All three show up correctly in the consul ui
Despite this curl fails on both clients in the same manner:
$ curl localhost:1234 -vv
* Trying 127.0.0.1:1234...
* Connected to localhost (127.0.0.1) port 1234 (#0)
> GET / HTTP/1.1
> Host: localhost:1234
> User-Agent: curl/7.83.0-DEV
> Accept: */*
>
* Recv failure: Connection reset by peer
* Closing connection 0
curl: (56) Recv failure: Connection reset by peer
Envoy trace log excerpt:
[2022-04-28 11:50:34.650][13][debug][connection] [source/common/network/connection_impl.cc:912] [C1496] connecting to 127.0.0.1:0
[2022-04-28 11:50:34.650][13][debug][connection] [source/common/network/connection_impl.cc:931] [C1496] connection in progress
[2022-04-28 11:50:34.650][13][trace][pool] [source/common/conn_pool/conn_pool_base.cc:131] not creating a new connection, shouldCreateNewConnection returned false.
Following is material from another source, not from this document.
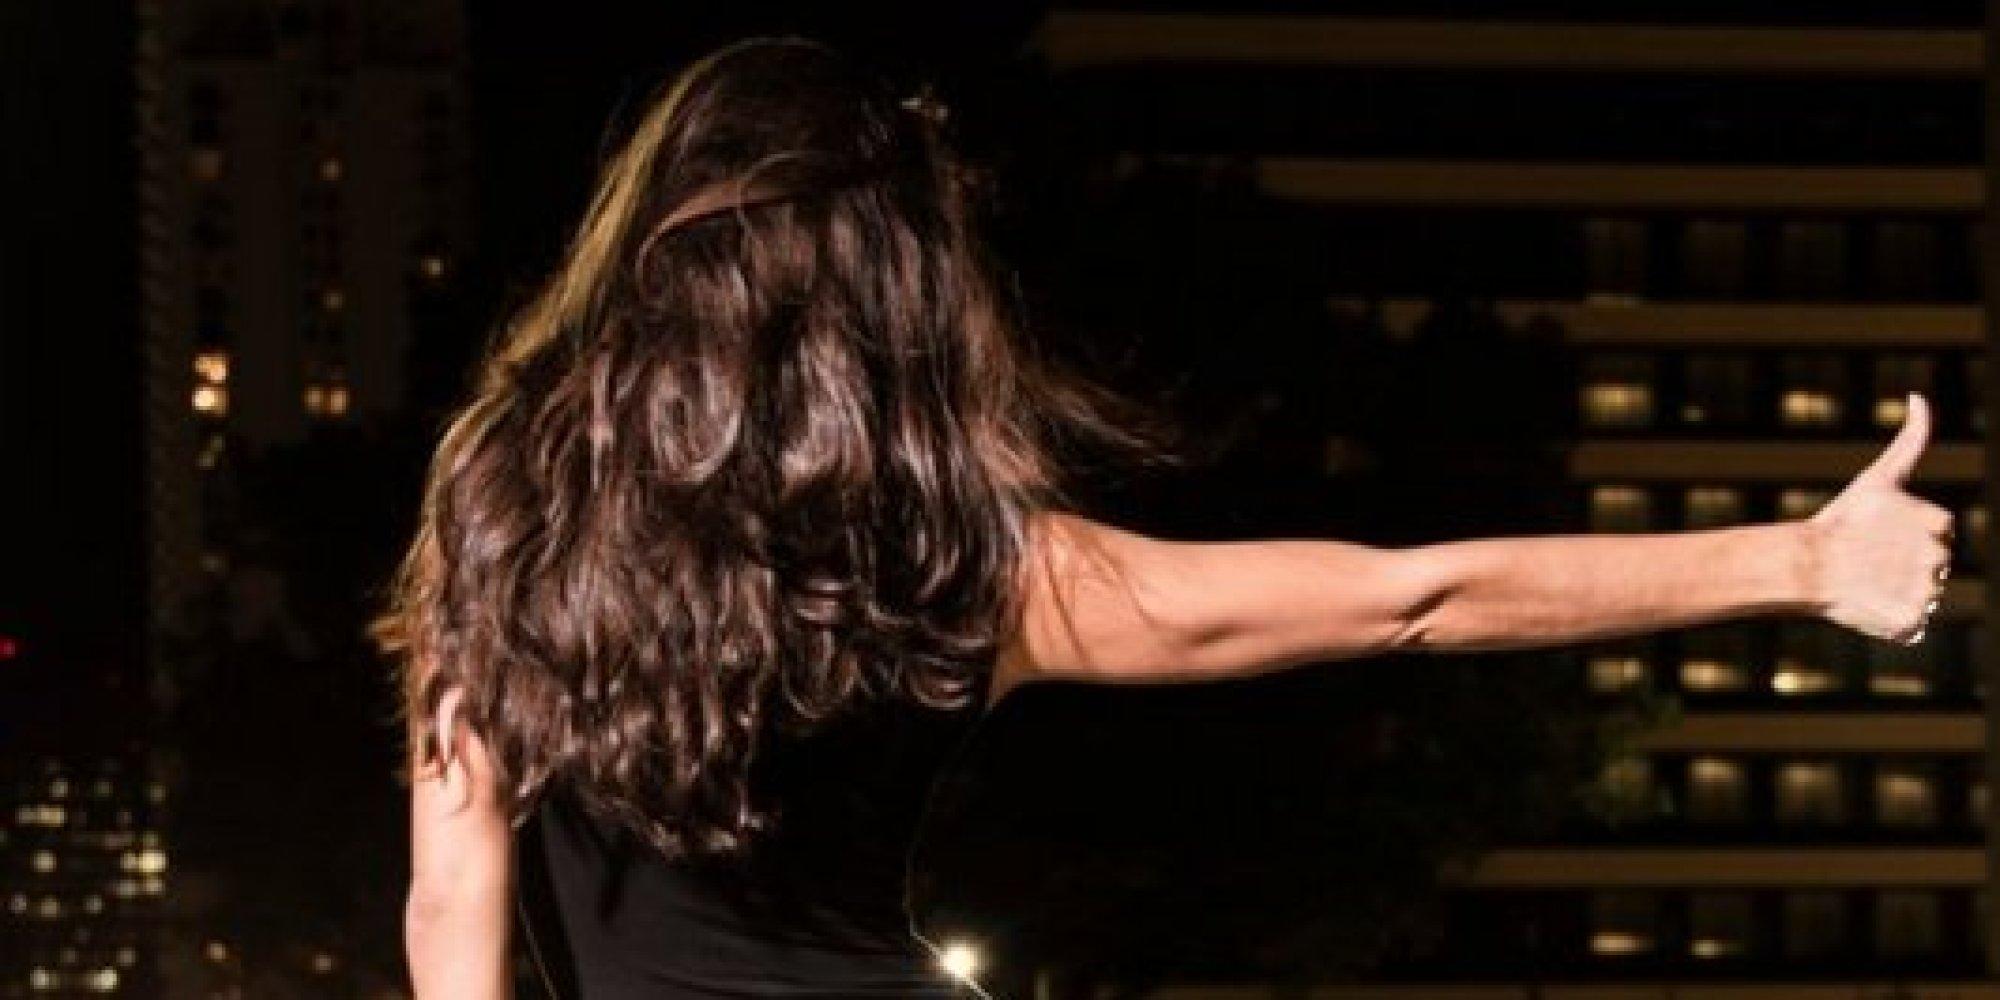 videos de prostitutas en españa prostitutas baratas carabanchel
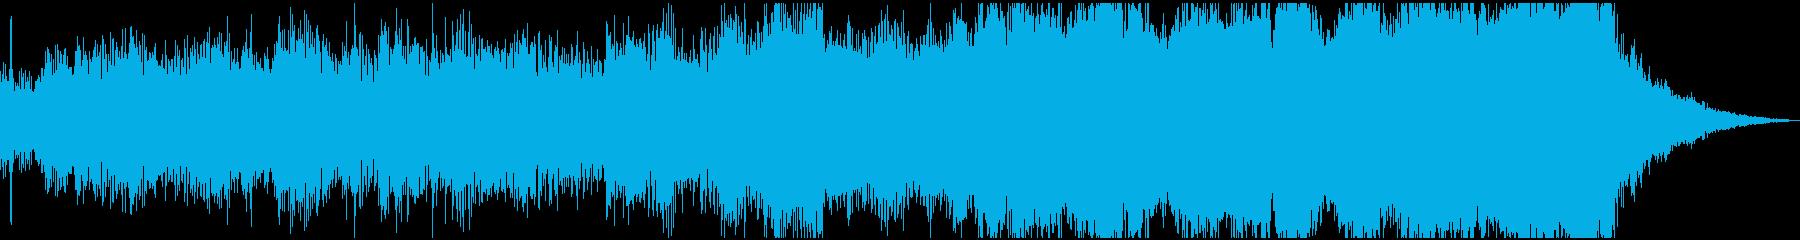 どす黒い感情が沸き起こるような電子音楽の再生済みの波形

[2022-04-28 11:50:34.650][13][debug][conn_handler] [source/server/active_tcp_listener.cc:142] [C1495] new connection from 10.42.0.57:51836
[2022-04-28 11:50:34.650][13][trace][connection] [source/common/network/connection_impl.cc:563] [C1495] socket event: 2
[2022-04-28 11:50:34.650][13][trace][connection] [source/common/network/connection_impl.cc:674] [C1495] write ready
[2022-04-28 11:50:34.650][13][trace][connection] [source/extensions/transport_sockets/tls/ssl_handshaker.cc:52] [C1495] ssl error occurred while read: SYSCALL
[2022-04-28 11:50:34.650][13][debug][connection] [source/common/network/connection_impl.cc:250] [C1495] closing socket: 0
[2022-04-28 11:50:34.650][13][trace][connection] [source/common/network/connection_impl.cc:418] [C1495] raising connection event 0
[2022-04-28 11:50:34.650][13][trace][filter] [source/common/tcp_proxy/tcp_proxy.cc:587] [C1495] on downstream event 0, has upstream = true
[2022-04-28 11:50:34.650][13][debug][pool] [source/common/conn_pool/conn_pool_base.cc:600] cancelling pending stream
[2022-04-28 11:50:34.650][13][debug][connection] [source/common/network/connection_impl.cc:139] [C1496] closing data_to_write=0 type=1
[2022-04-28 11:50:34.650][13][debug][connection] [source/common/network/connection_impl.cc:250] [C1496] closing socket: 1
[2022-04-28 11:50:34.650][13][trace][connection] [source/common/network/connection_impl.cc:418] [C1496] raising connection event 1
[2022-04-28 11:50:34.650][13][debug][pool] [source/common/conn_pool/conn_pool_base.cc:439] [C1496] client disconnected, failure reason:
[2022-04-28 11:50:34.650][13][trace][main] [source/common/event/dispatcher_impl.cc:249] item added to deferred deletion list (size=1)
[2022-04-28 11:50:34.650][13][debug][pool] [source/common/conn_pool/conn_pool_base.cc:410] invoking idle callbacks - is_draining_for_deletion_=false
[2022-04-28 11:50:34.650][13][trace][upstream] [source/common/upstream/cluster_manager_impl.cc:1807] Idle pool, erasing pool for host 0x54603f486380
[2022-04-28 11:50:34.650][13][trace][main] [source/common/event/dispatcher_impl.cc:249] item added to deferred deletion list (size=2)
[2022-04-28 11:50:34.650][13][debug][pool] [source/common/conn_pool/conn_pool_base.cc:410] invoking idle callbacks - is_draining_for_deletion_=false
[2022-04-28 11:50:34.650][13][trace][conn_handler] [source/server/active_stream_listener_base.cc:111] [C1495] connection on event 0
[2022-04-28 11:50:34.650][13][debug][conn_handler] [source/server/active_stream_listener_base.cc:120] [C1495] adding to cleanup list
[2022-04-28 11:50:34.650][13][trace][main] [source/common/event/dispatcher_impl.cc:249] item added to deferred deletion list (size=3)
[2022-04-28 11:50:34.650][13][trace][main] [source/common/event/dispatcher_impl.cc:249] item added to deferred deletion list (size=4)
[2022-04-28 11:50:34.650][13][trace][main] [source/common/event/dispatcher_impl.cc:125] clearing deferred deletion list (size=4)
The only parts that really stick out to me are:
[2022-04-28 11:50:34.650][13][trace][connection] [source/extensions/transport_sockets/tls/ssl_handshaker.cc:52] [C1495] ssl error occurred while read: SYSCALL
and
[2022-04-28 11:50:34.650][13][debug][pool] [source/common/conn_pool/conn_pool_base.cc:439] [C1496] client disconnected, failure reason:
but I’m at a loss to what that means exactly or if its the culprit.
While the communication between clusters could fail for several reasons, I’d expect the static-server and static-client in the same cluster to function as expected.
Can anyone shed some light on this, or suggest specific troubleshooting I can perform?